In Botswana, 23% of the total area of country is under some form of conservation and protection either as game parks and forest reserves while in Malawi the 66 forest reserves and the national parks estates represent 20.6% of the land area. In South Africa, forest genetic resources are conserved in situ on 4.9% of the land area of South Africa. In Tanzania, in situ conservation of forest genetic resources is carried out on the forest reserves and national game parks, which covers 15% of the land area. There area under forest reserves, national parks and game reserves represents almost 19% of the land area of Zambia. Within each of the forest reserves of Zambia are some 53 botanical reserves that were set up for purposes of biodiversity conservation and monitoring. In Zimbabwe, conservation of forest genetic resources was enhanced through the establishment of forest reserves, parks and wildlife estates, game reserves, wilderness areas, botanical gardens and reserves, sanctuaries, recreational parks and safari areas which cover some 15% of the land area.

In addition to reservation of forests in some SADC countries some tree species may also protected or reserved just like forests. When a tree species is protected or reserved, it means that the damage to and the felling, destruction or removal of any such tree without prior permission shall be prohibited and punishable. A new concept of managing reserved and unreserved forests by involving communities emerged in several SADC countries in the 1990s. The concept, called Community Based Natural Resource Management (CBNRM) is at various stages of implementation in Malawi, Mozambique, Namibia, South Africa, Tanzania, Zambia and Zimbabwe (Alden Wily and Mbaya, 2001).

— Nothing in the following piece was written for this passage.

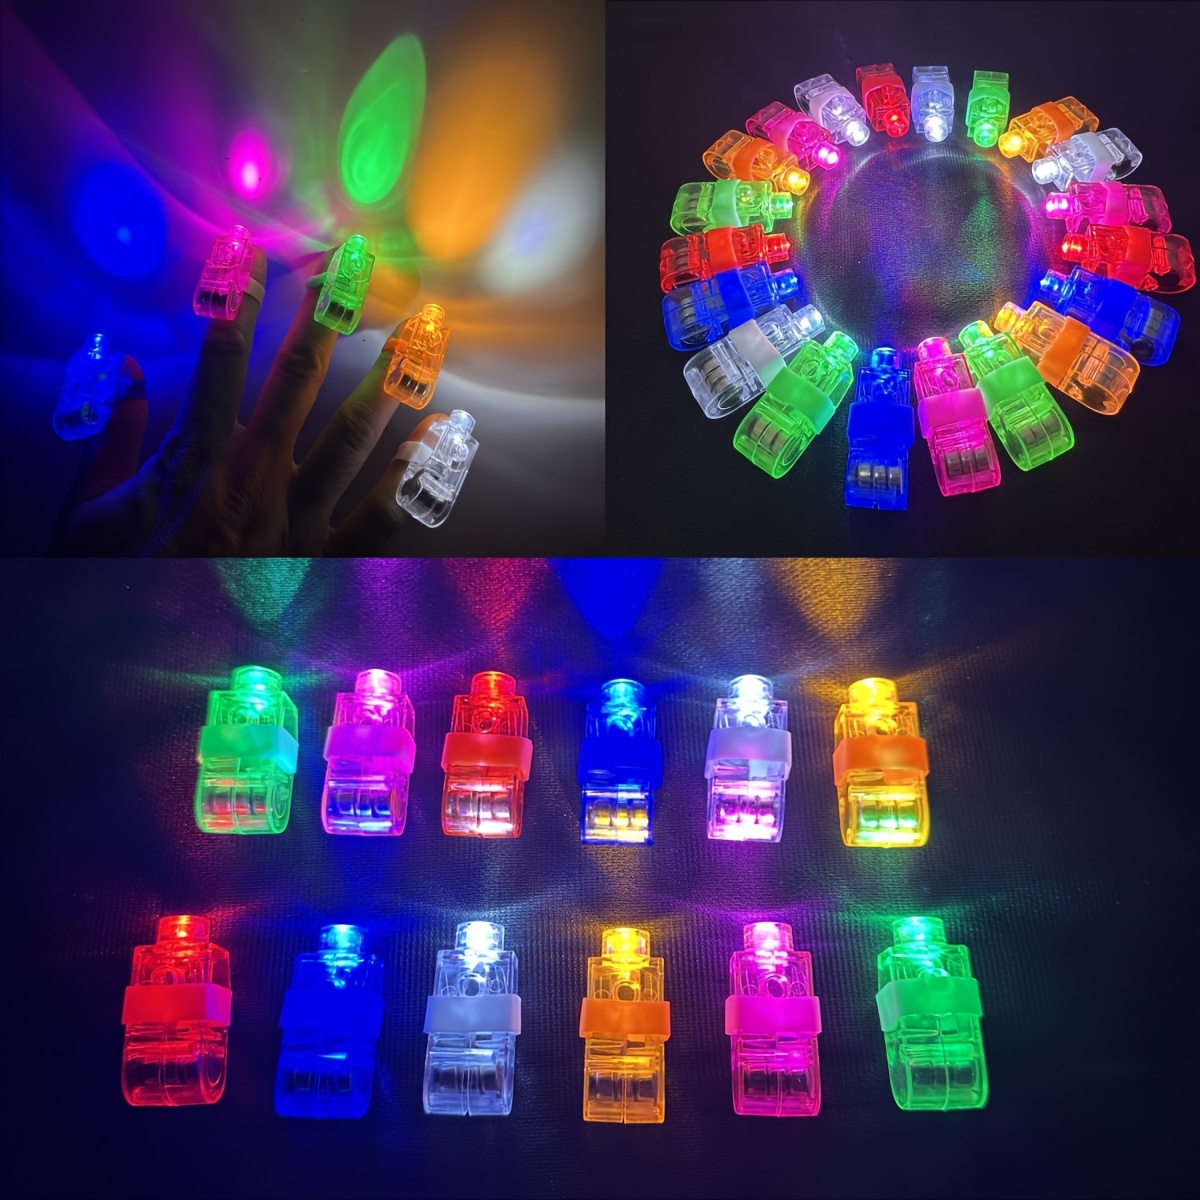 77 Pcs Christmas Glow in the Dark Party Favors, Led Light Up Party Supplies  with Finger Lights, Light Up Glasses, Glow Bracelets, Neon Hairpins and

9.2 Ex situ Conservation (field gene banks, seed gene banks)

In ex situ conservation, species’ populations are protected and managed outside their native or original environment either as seed gene banks or field gene banks. This approach is preferred in situations where the populations are in real danger of physical destruction or genetic deterioration due to excessive pressures in their natural habitat. All the SADC countries have operational tree seed centres some of which were established in the mid 1990s’ with financial assistance from the Canadian International Development agency (CIDA) and the Danish International Development Agency (DANIDA). Besides, the procurement, collection and distribution of tree seed, these seed centres play a leading role in ex situ germplasm conservation of the forest tree seed. Ex situ conservation in form of field gene banks is practised for most exotic plantation species in Malawi, South Africa, Tanzania, Zambia, Zimbabwe while the provenance trials of some of the indigenous fruit tree species established in the different countries will have a dual purpose of provenance testing and as field gene banks once their experimental life is over. In Malawi, field gene banks of important seed sources of indigenous species (A. quanzensis, K. anthotheca, and P. angolensis) were established. There is also a regional gene bank (SADC Regional Gene Bank) located in Lusaka Zambia, which stores duplicate samples of germplasm of national institutions. Although is mandate is germplasm of all plants, its strength has been on agricultural crop species.